Did a little refactoring, as gdalle said, to make the code totally unrecognizable. Specifically, used the semantic meaning of the loops
values to find a more simply calculated expression.
It goes like this (using memoization also):
# returns number of perms of 1..n with largest cycle of size k
function loop!(M,CM,n,k)
n < k && return 0.0 # base and trivial cases
n == 0 && k == 0 && return 1.0
k <= 0 && return 0.0
n <= 0 && return 0.0
M[n,k] >= 0.0 && return M[n,k] # memoization
if k == 1
M[n, k] = 1.0
return 1.0
end
factor = 1.0 # non base case calculation
res = 0.0
for i in 1:k-1
res += factor * loop!(M,CM,n-i,k)
factor *= n-i
end
if n>k
j = k
while j>1 && CM[n-k,j] < 0.0
j -= 1
end
for i in j:k # second memoization for M cumsum
CM[n-k, i] = (i>1 ? CM[n-k, i-1] : 0.0) + loop!(M,CM,n-k, i)
end
res += factor * CM[n-k,k]
else
res += factor
end
M[n,k] = res
return res
end
To use this function, the memoization matrices need to be initialized and passed as parameters, as follows:
julia> const M = fill(-1.0,100,100);
julia> const CM = fill(-1.0,100,100);
julia> @time [loop!(M, CM, 100, i) for i in 1:100];
0.027222 seconds (23.15 k allocations: 1.561 MiB, 98.51% compilation time)

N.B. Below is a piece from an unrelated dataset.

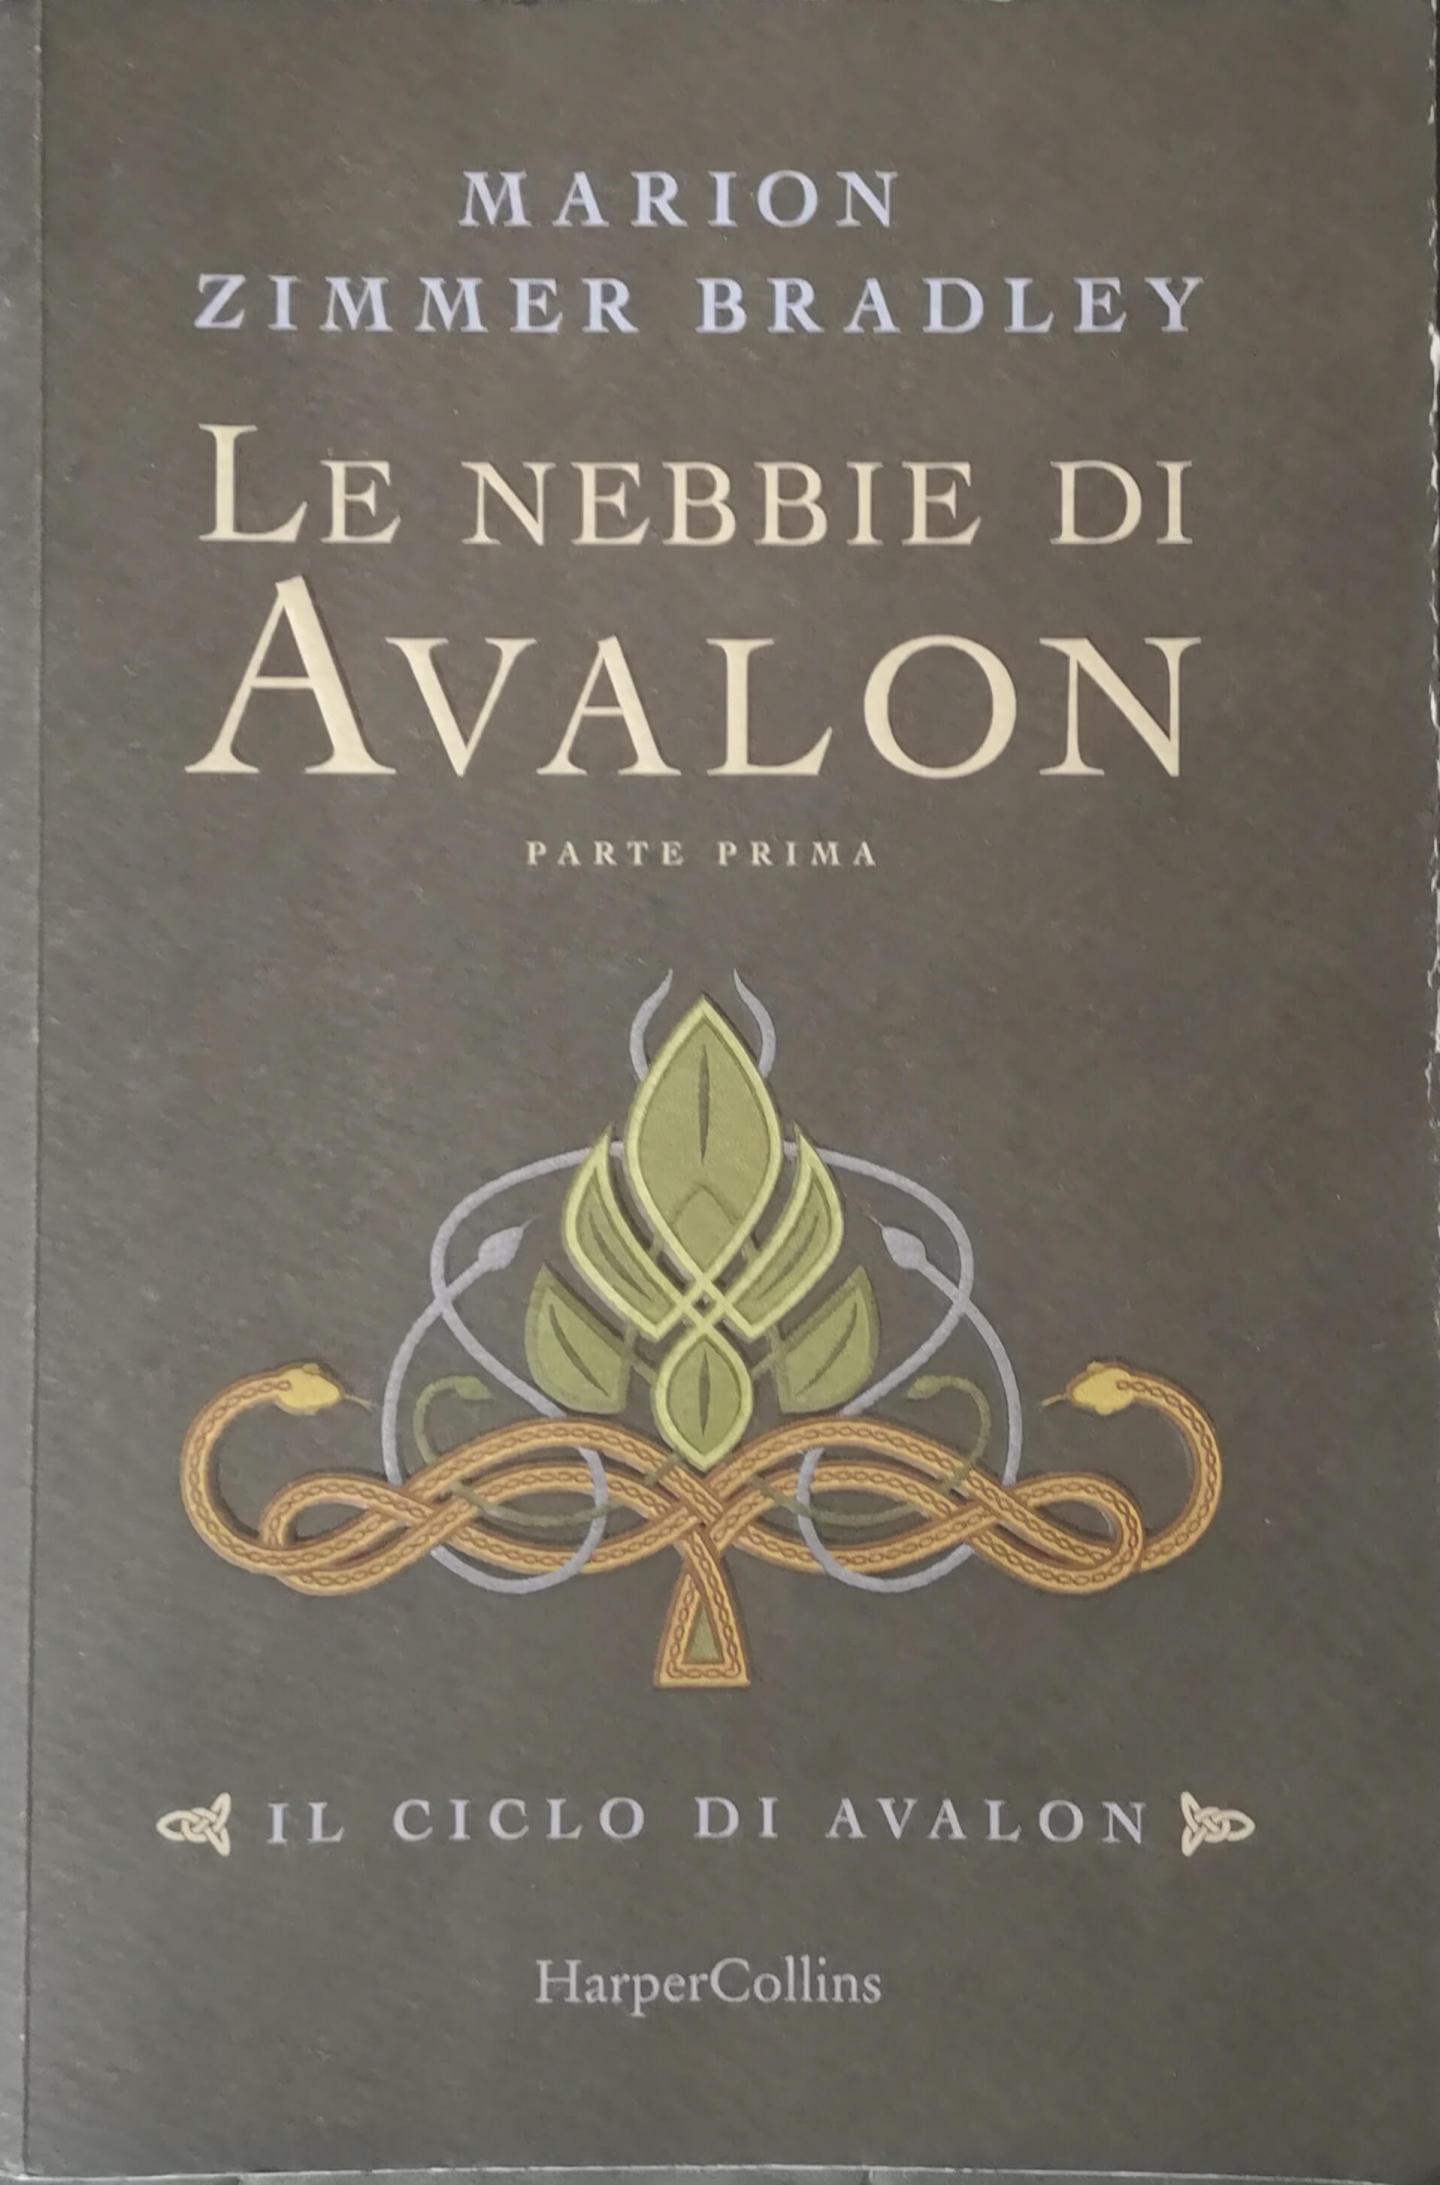 Le nebbie di Avalon libro

The timing is not very informative, as I’m not including any other time to compare with. But it seems at least >1000x speedup.
UPDATE: To benchmark, adding a main
as in previous posts:
function main(n)
M = fill(-1.0, n,n)
CM = fill(-1.0, n,n)
y = Vector{Float64}(undef, n)
fac = cumprod(float.(1:n))
for i = 1:n
y[i] = loop!(M, CM, n, i) / fac[n]
end
return y
end
with this main
and comparing to one of the original oldmain
s:
julia> @time oldmain(100);
5.305958 seconds (4 allocations: 3.500 KiB)
julia> @time main(100);
0.001171 seconds (7 allocations: 158.969 KiB)
( 5000x speedup )